Have the characteristics of hit songs changed over the years? Let’s
plot the average danceability, energy and
valence for top songs by year.
songs %>%
group_by(year) %>%
summarise(
avg_dance = mean(danceability, na.rm = TRUE),
avg_energy = mean(energy, na.rm = TRUE),
avg_valence = mean(valence, na.rm = TRUE)
) %>%
ggplot(aes(x = year)) +
geom_line(aes(y = avg_dance, color = "Danceability")) +
geom_line(aes(y = avg_energy, color = "Energy")) +
geom_line(aes(y = avg_valence, color = "Valence")) +
labs(
title = "Trends in Hit Song Audio Features Over Time",
subtitle = "Modern pop music appears more danceable and energetic.",
y = "Average Feature Value (0-1)", x = "Year", color = "Feature"
) +
theme_fivethirtyeight()
The plot shows a clear upward trend in the average danceability and
energy of hit songs over the last several decades.
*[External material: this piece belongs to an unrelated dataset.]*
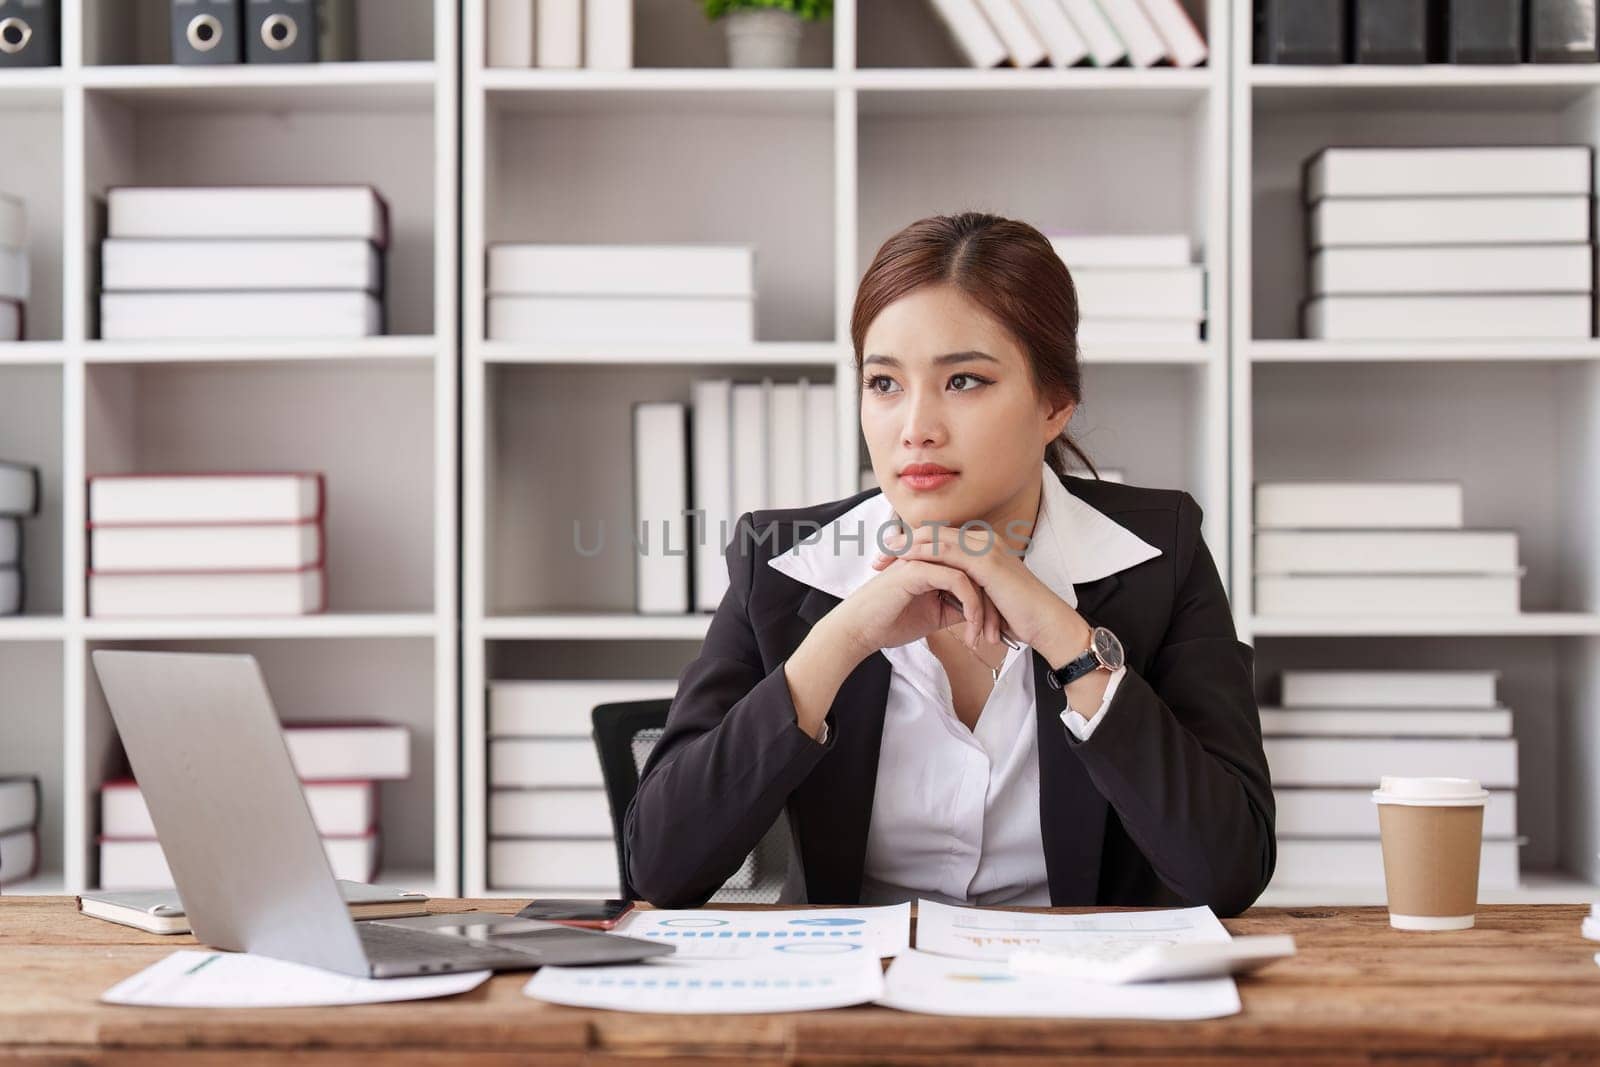 Employee feeling tired stressed with her work in the office, sad working woman overworked overtime, business woman upset with financial document.

This analysis confirms that audio features provide significant insight into what makes a song a commercial success.
In conclusion, while musical taste is subjective, the data shows that a quantifiable formula for a hit song—one that is upbeat, positive, and easy to dance to—is a powerful force in the music industry.